In recent years there has been a significant increase in reliance on computing systems to aid workers in performance of their assigned task. In fact, it is not uncommon for most, if not all, employees of a company or other organization to have access to some type of computing system. To increase productivity and sharing of system resources, many companies have further introduced computer networks linking all of the computing systems of the company together, thereby allowing for internal communication in the company and the sharing of files and other information between different computing systems. Many of these networks are not limited to one physical location, but instead, may link computing systems together that are located at many different geographic locations, such as the different offices of a company. Further, many of these networks allow users access via a telephone line or other data communication link, no matter where the computing system is located, such as in the case of an employee who is traveling with a laptop.

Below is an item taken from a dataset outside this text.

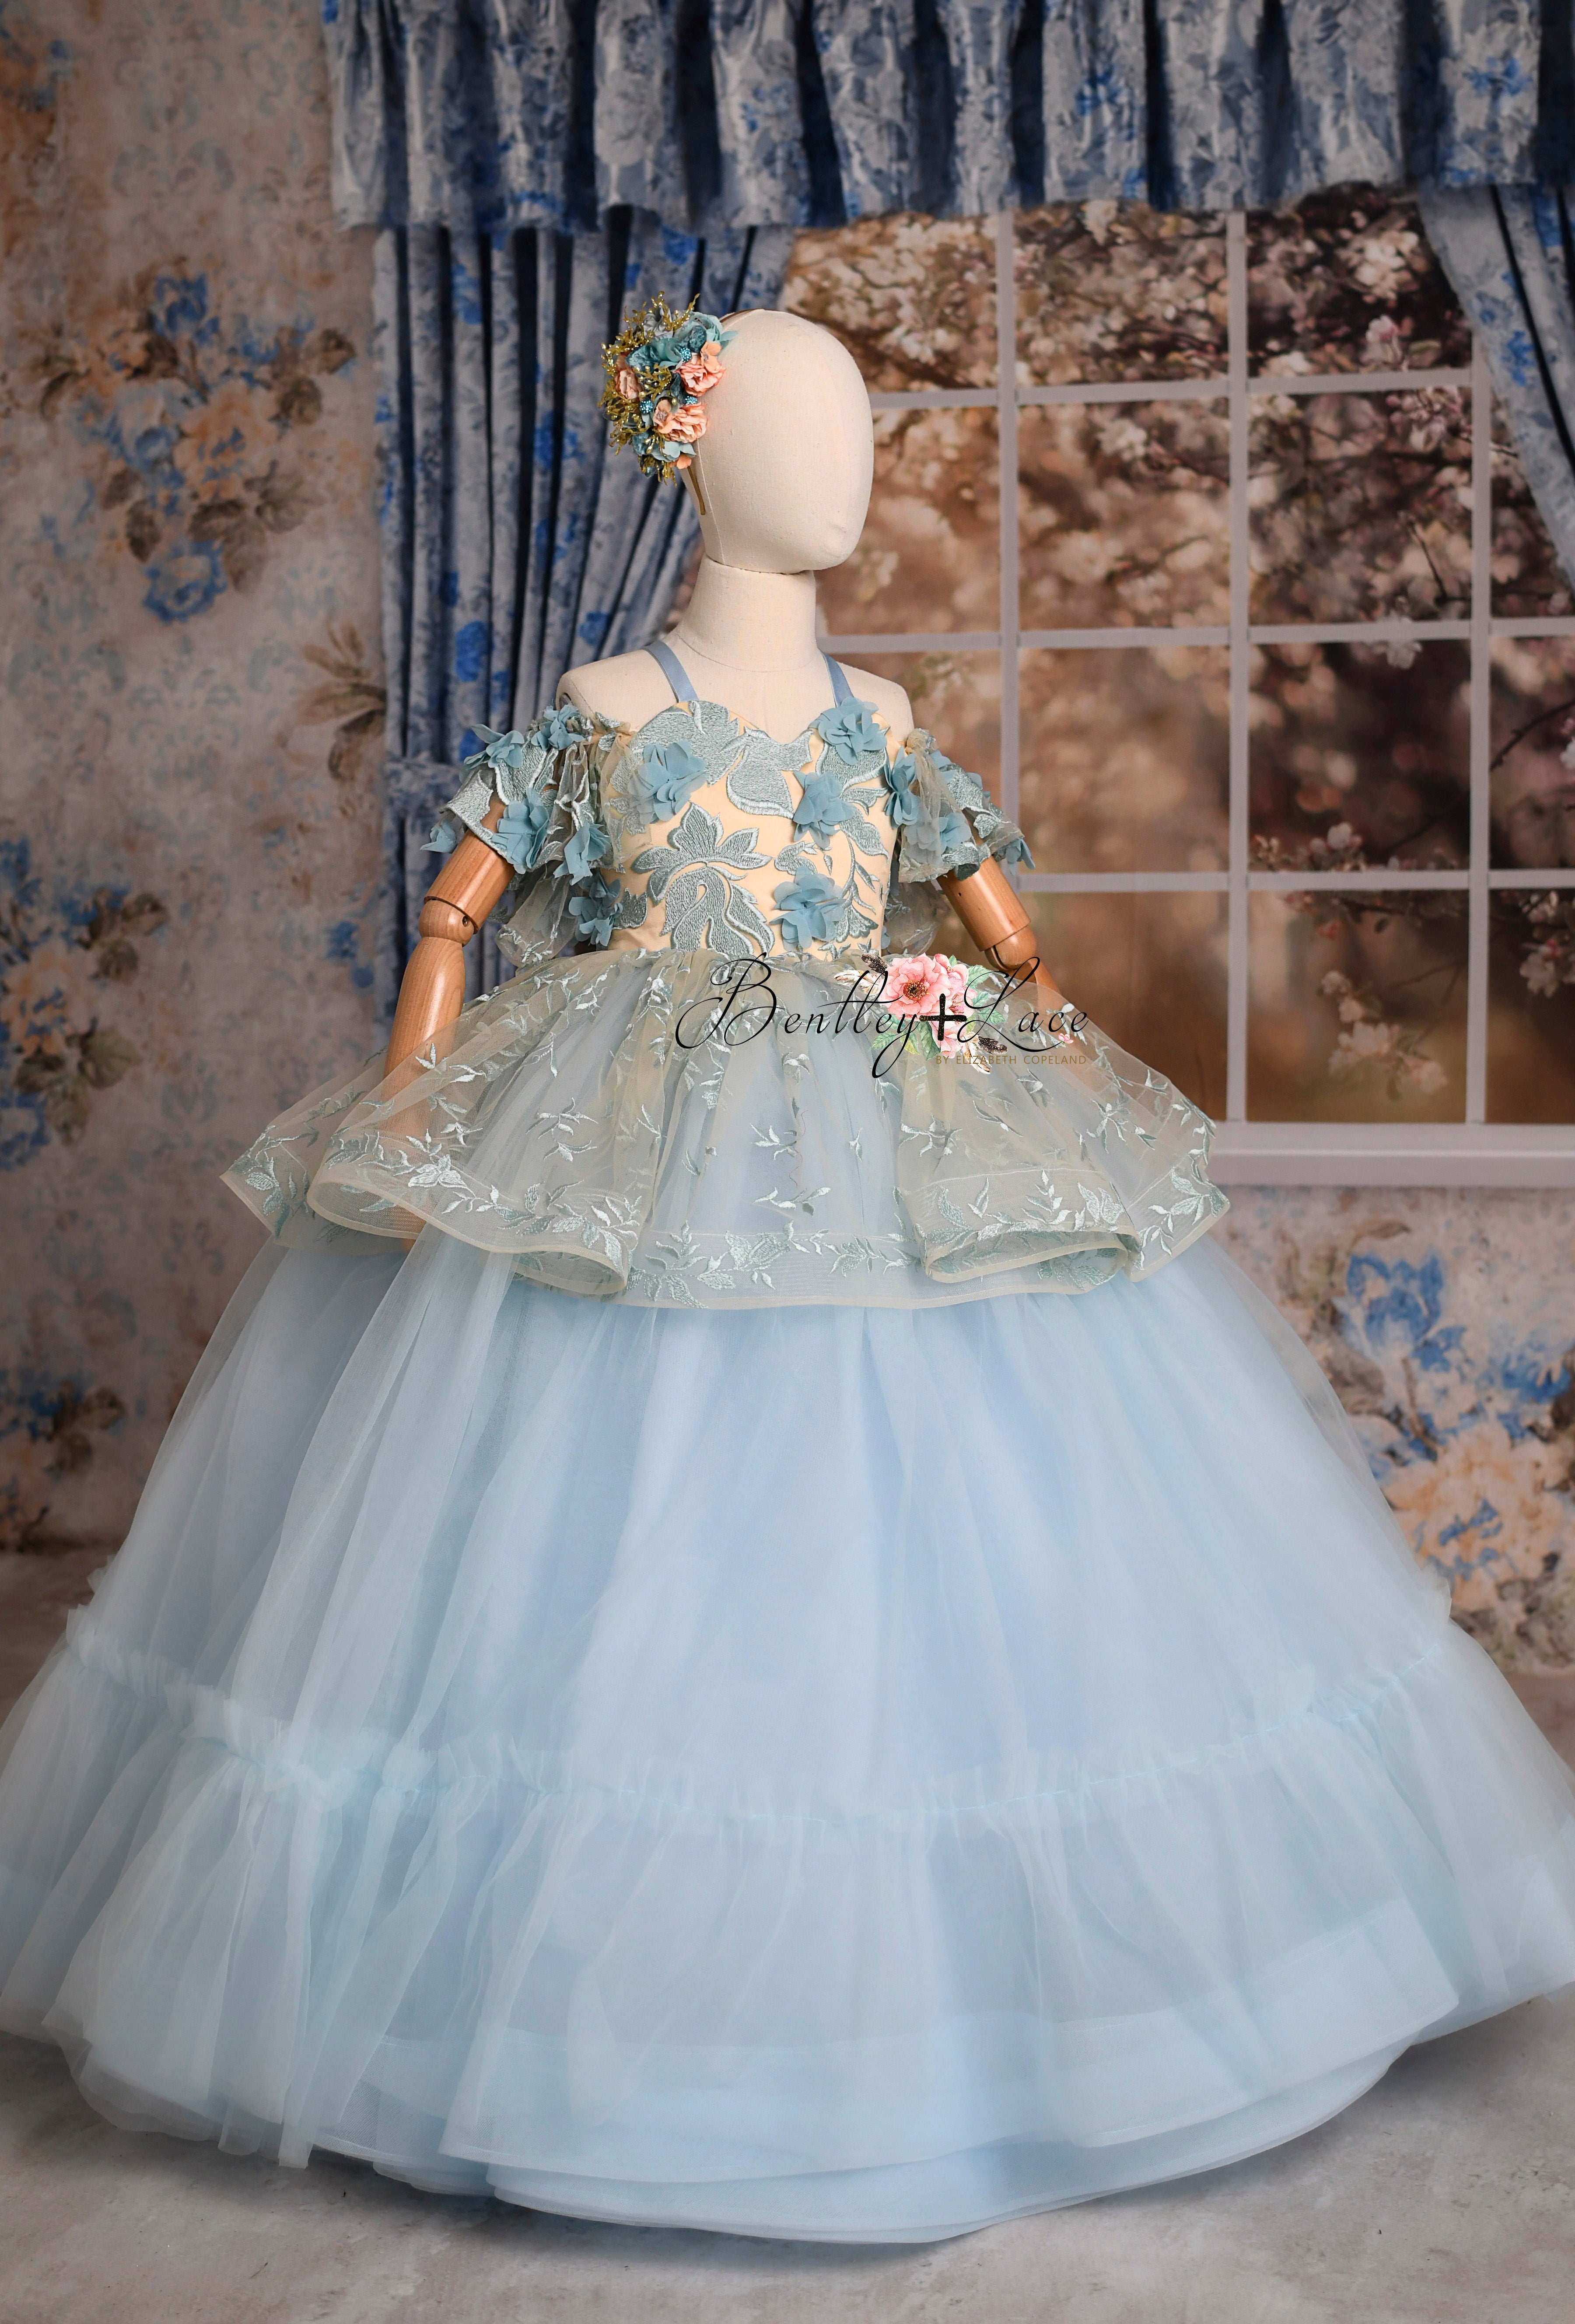 Couture rental gowns for tiny fashionistas

FIG. 1 illustrates a common network system 10. In general, network systems typically include a network 12, such as a Transmission Control Protocol/Internet Protocol (TCP/IP) network or other similar network system. Connected to the network is a plurality of host computing systems, 14a-14n, representing the individual computing systems used throughout the company or organization. The network system may also include one or several file servers 16 connected to the network 12 for storing and allowing access to shared files and resources. The network system 10 may also include web servers 18 for connecting the computing systems to the Internet. Other server systems 20 may also be present.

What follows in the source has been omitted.